[MATERIAL SHOWN]

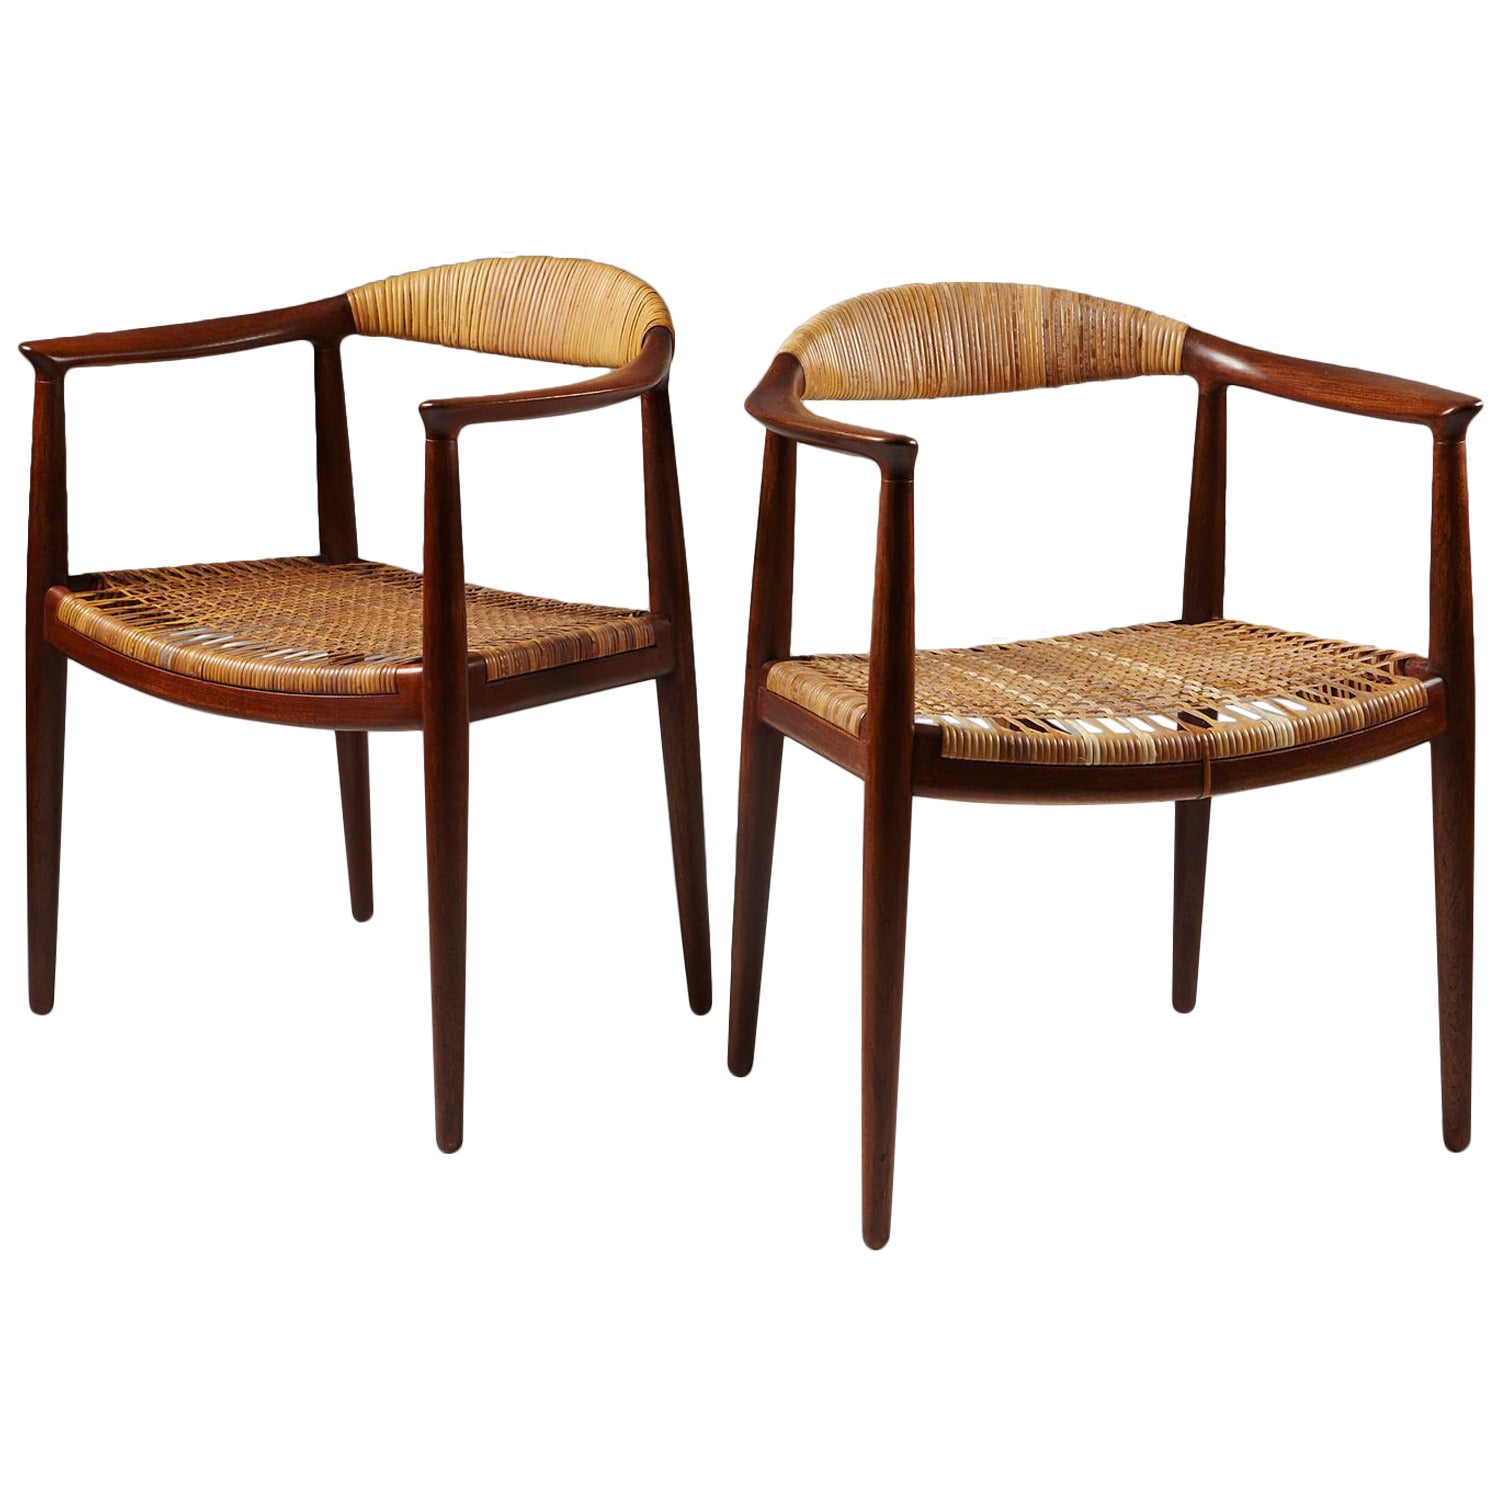 Armchair “The Chair” Designed by Hans Wegner for Johannes Hansen, Denmark
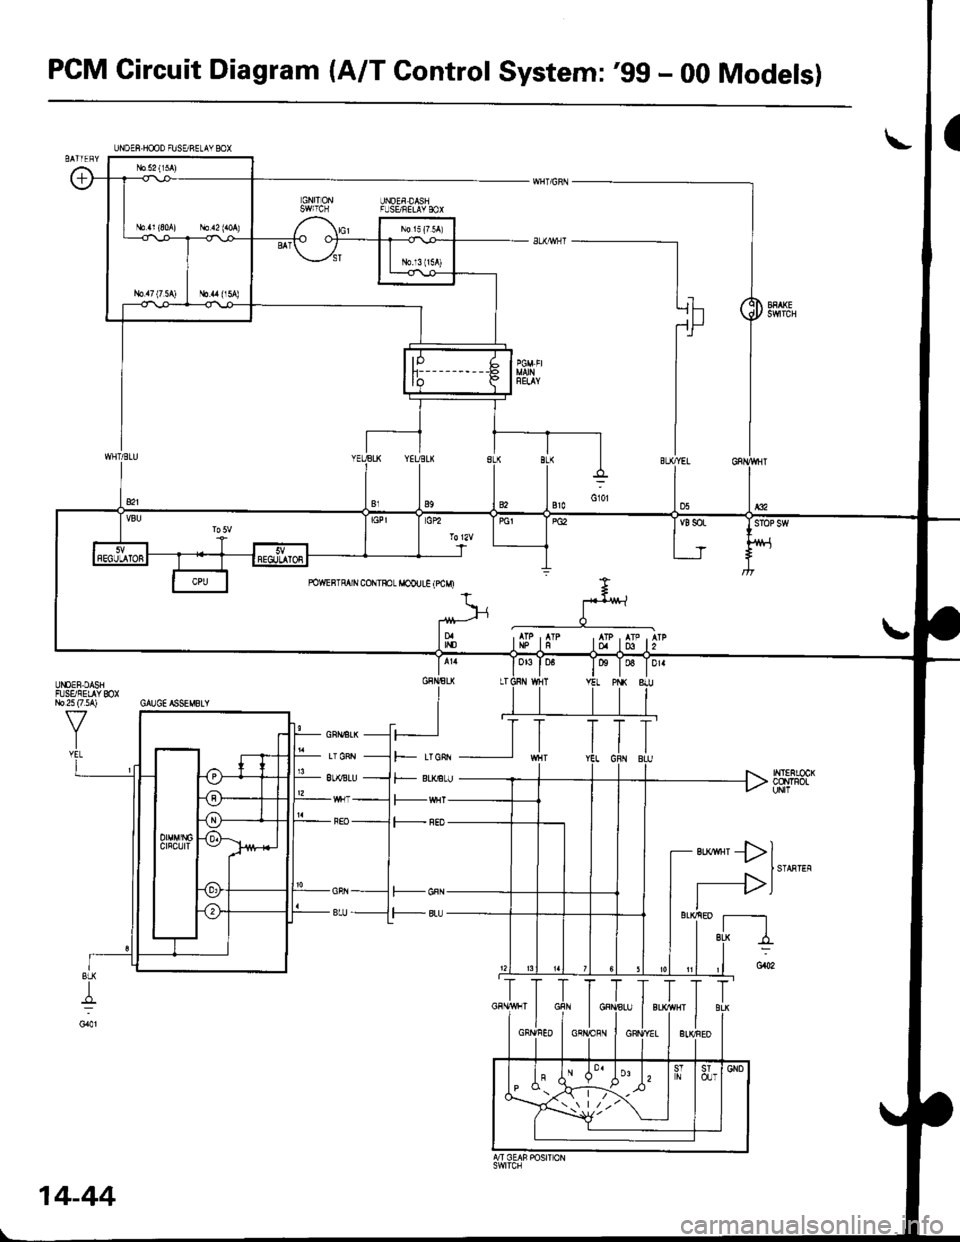 HONDA CIVIC 1996 6.G Workshop Manual PCM Gircuit Diagram (A/T Gontrol System:99 - 00 Models)
UNOEF DASIFL]SE/FELAY BOX
ta T06 T Dr.
INT€RLOCKCCNTFOLuN|l
ert*rll
I STARTEF
r-->lIl__ sL!
I
UISEF,DASHFISSIEL YmXr,Jo 25 (7 5A) GAUGE ISSEM

[/MATERIAL SHOWN]

**REQUIRED ACTION**
Exactly the lines from the one containing "UNOEF DASIFL]SE/FELAY BOX" through the final line above, and only those, should be given again.

**OUTPUT OF THE TASK**
UNOEF DASIFL]SE/FELAY BOX
ta T06 T Dr.
INT€RLOCKCCNTFOLuN|l
ert*rll
I STARTEF
r-->lIl__ sL!
I
UISEF,DASHFISSIEL YmXr,Jo 25 (7 5A) GAUGE ISSEM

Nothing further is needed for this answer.